Dataset excerpt
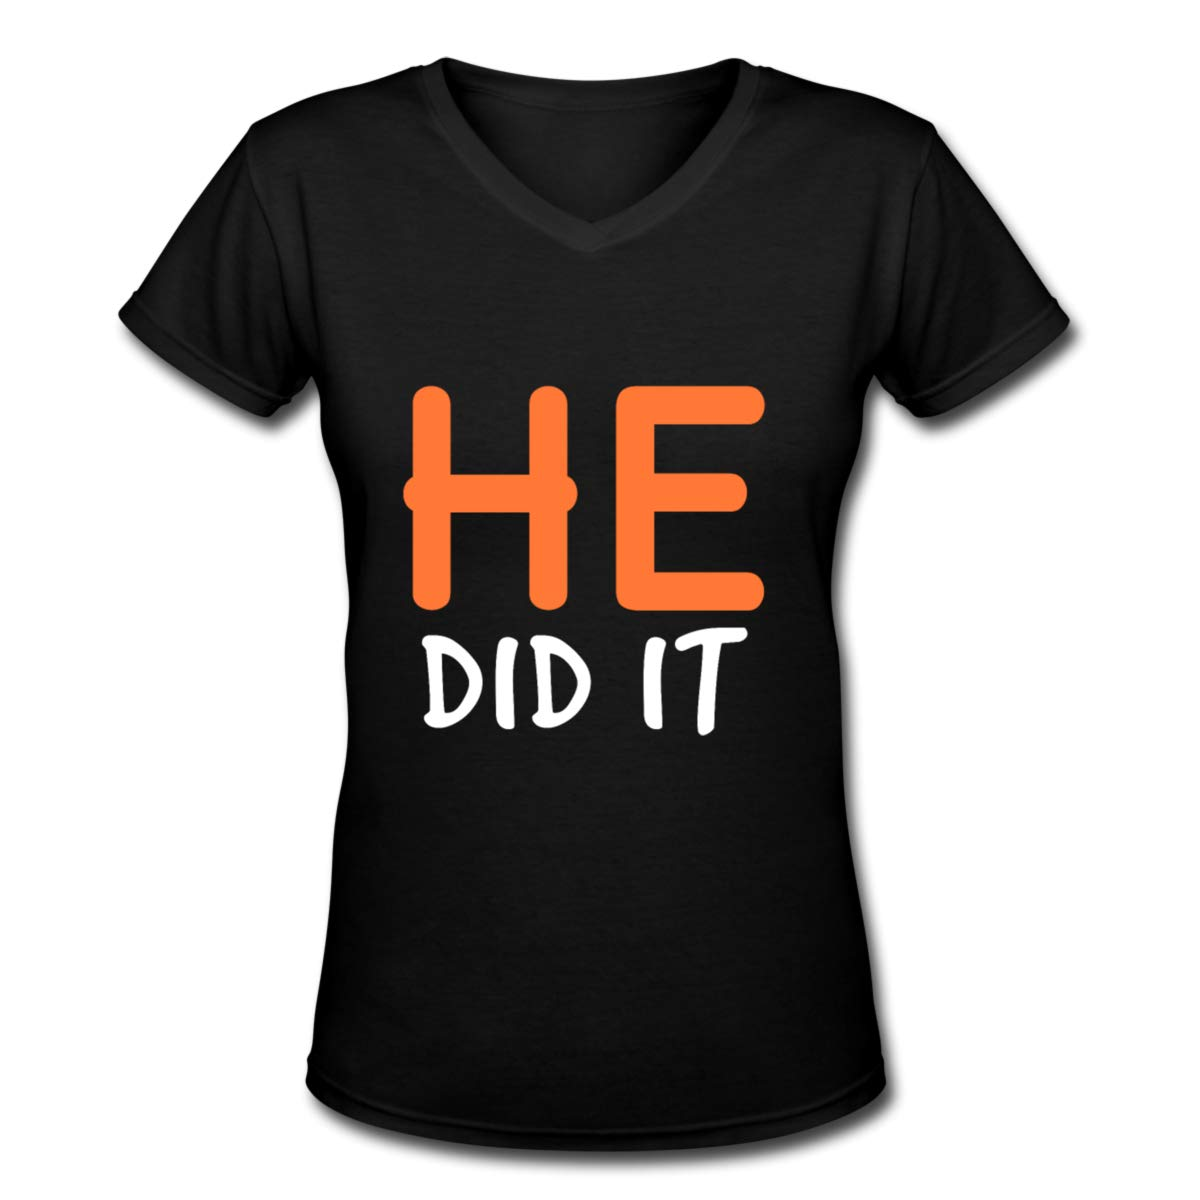 He Did It Women V-Neck Short Sleeve Tshirt
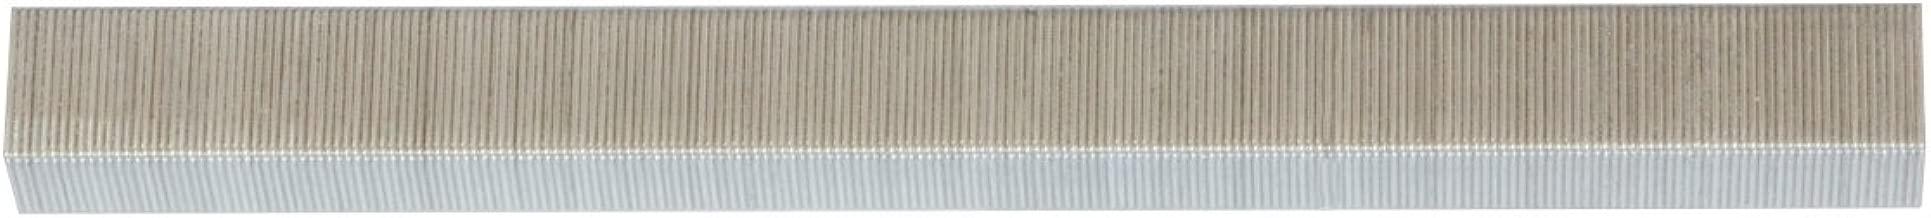 Standard Staples SP19 1/4 Length Free Office 5000pcs/pack (1)
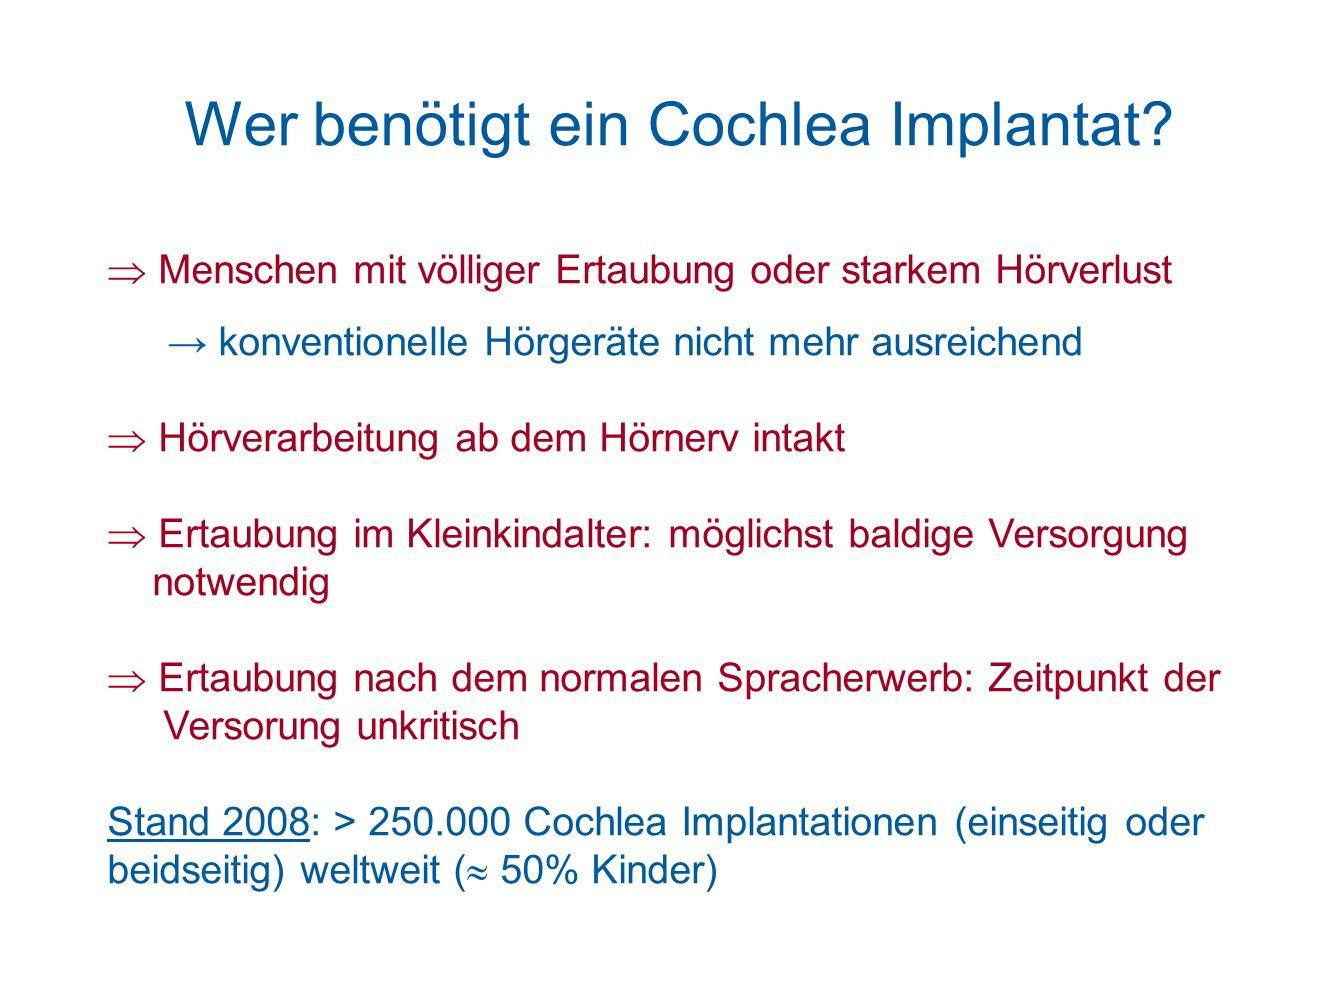 Wer benötigt ein Cochlea Implantat

Task prompt
Make an exact copy of the listing above. Do not include the pictures.

Result
 He Did It Women V-Neck Short Sleeve Tshirt
 Standard Staples SP19 1/4 Length Free Office 5000pcs/pack (1)
 Wer benötigt ein Cochlea Implantat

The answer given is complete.